:: PROMPT ::
When you reach the line with "Adorable Taylor Swift" in the data below, begin printing lines exactly, and stop once the line with "A bottle of" has been printed.

:: DATA EXTRACTS ::

Start of Block

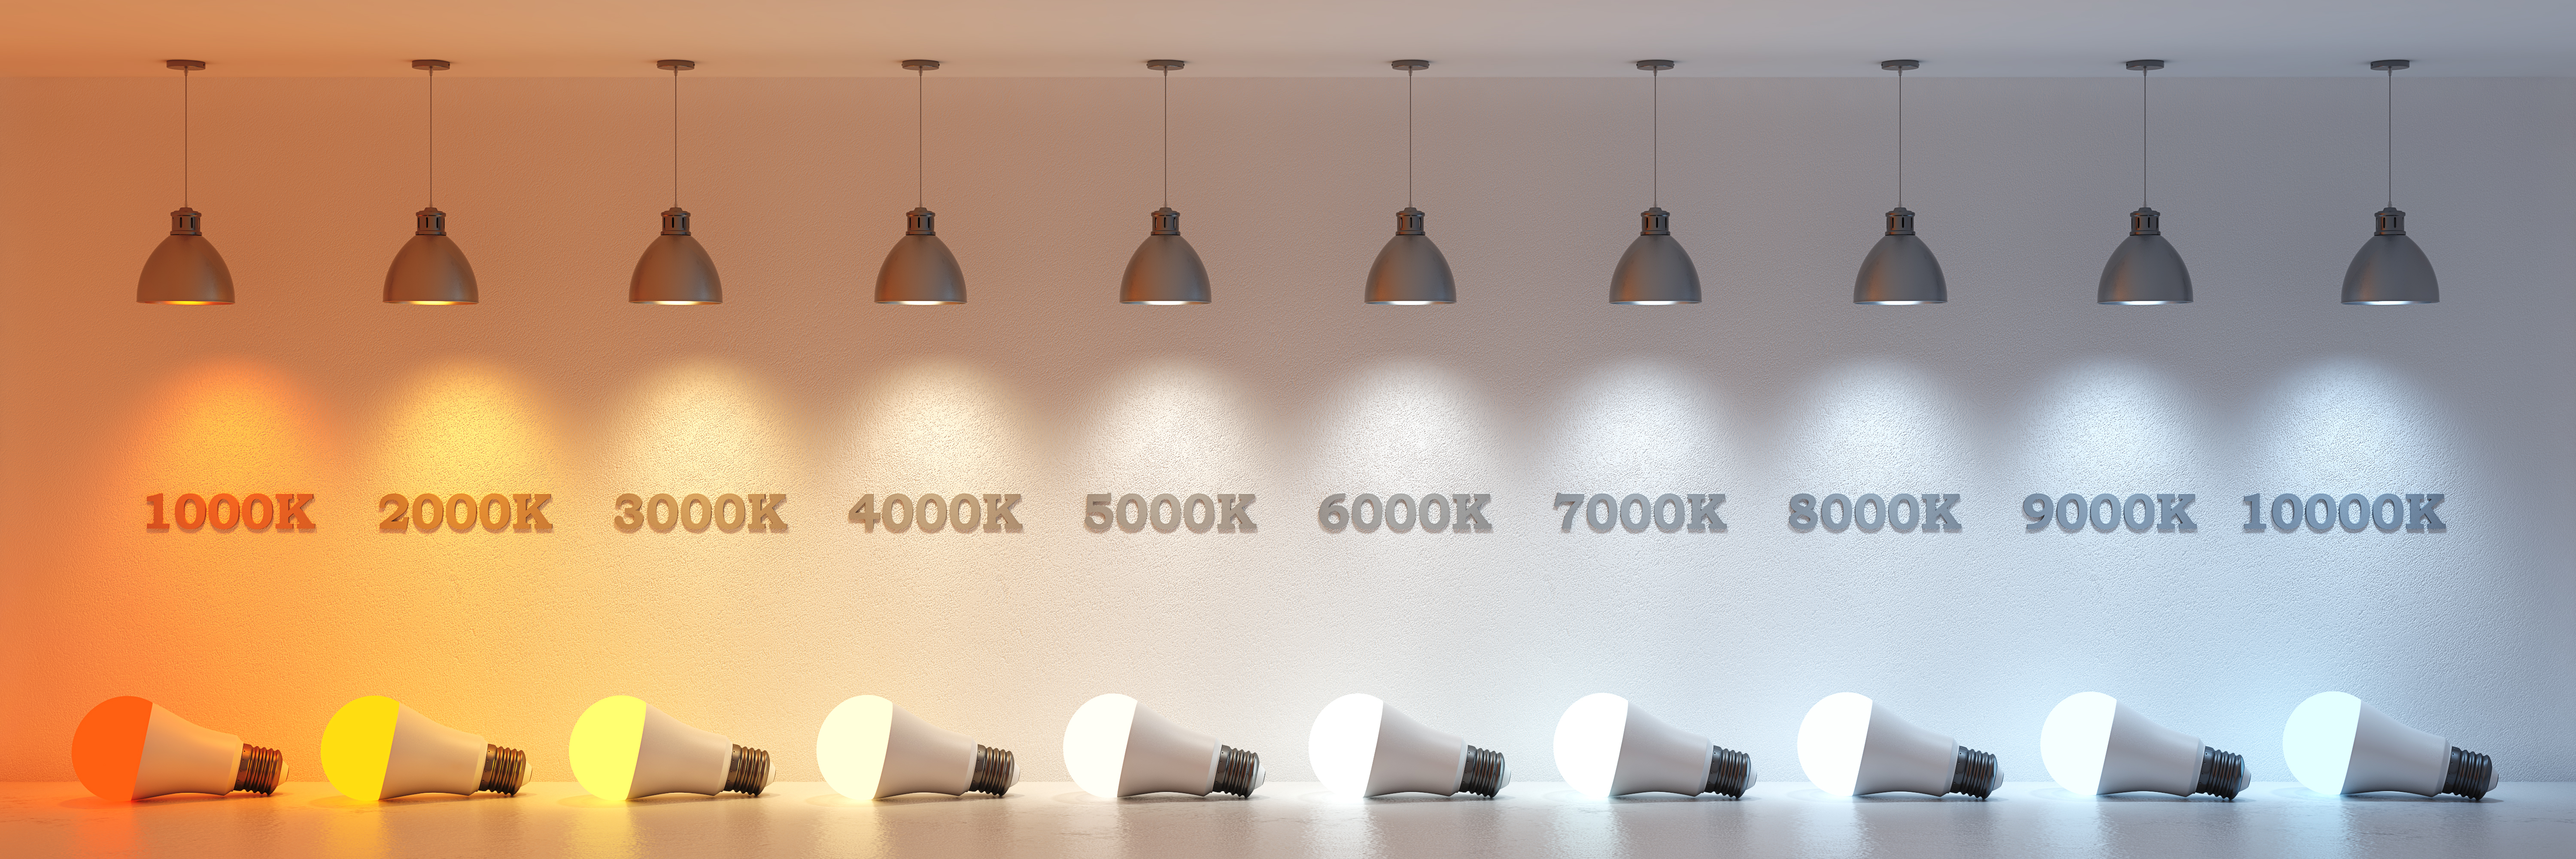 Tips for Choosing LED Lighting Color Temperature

End of Block
Start of Block

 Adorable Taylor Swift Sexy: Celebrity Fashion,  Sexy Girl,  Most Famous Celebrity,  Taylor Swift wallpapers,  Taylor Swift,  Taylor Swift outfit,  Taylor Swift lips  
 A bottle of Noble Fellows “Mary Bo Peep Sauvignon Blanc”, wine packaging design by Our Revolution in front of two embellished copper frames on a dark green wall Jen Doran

End of Block

:: WRITTEN SOLUTION ::
 Adorable Taylor Swift Sexy: Celebrity Fashion,  Sexy Girl,  Most Famous Celebrity,  Taylor Swift wallpapers,  Taylor Swift,  Taylor Swift outfit,  Taylor Swift lips  
 A bottle of Noble Fellows “Mary Bo Peep Sauvignon Blanc”, wine packaging design by Our Revolution in front of two embellished copper frames on a dark green wall Jen Doran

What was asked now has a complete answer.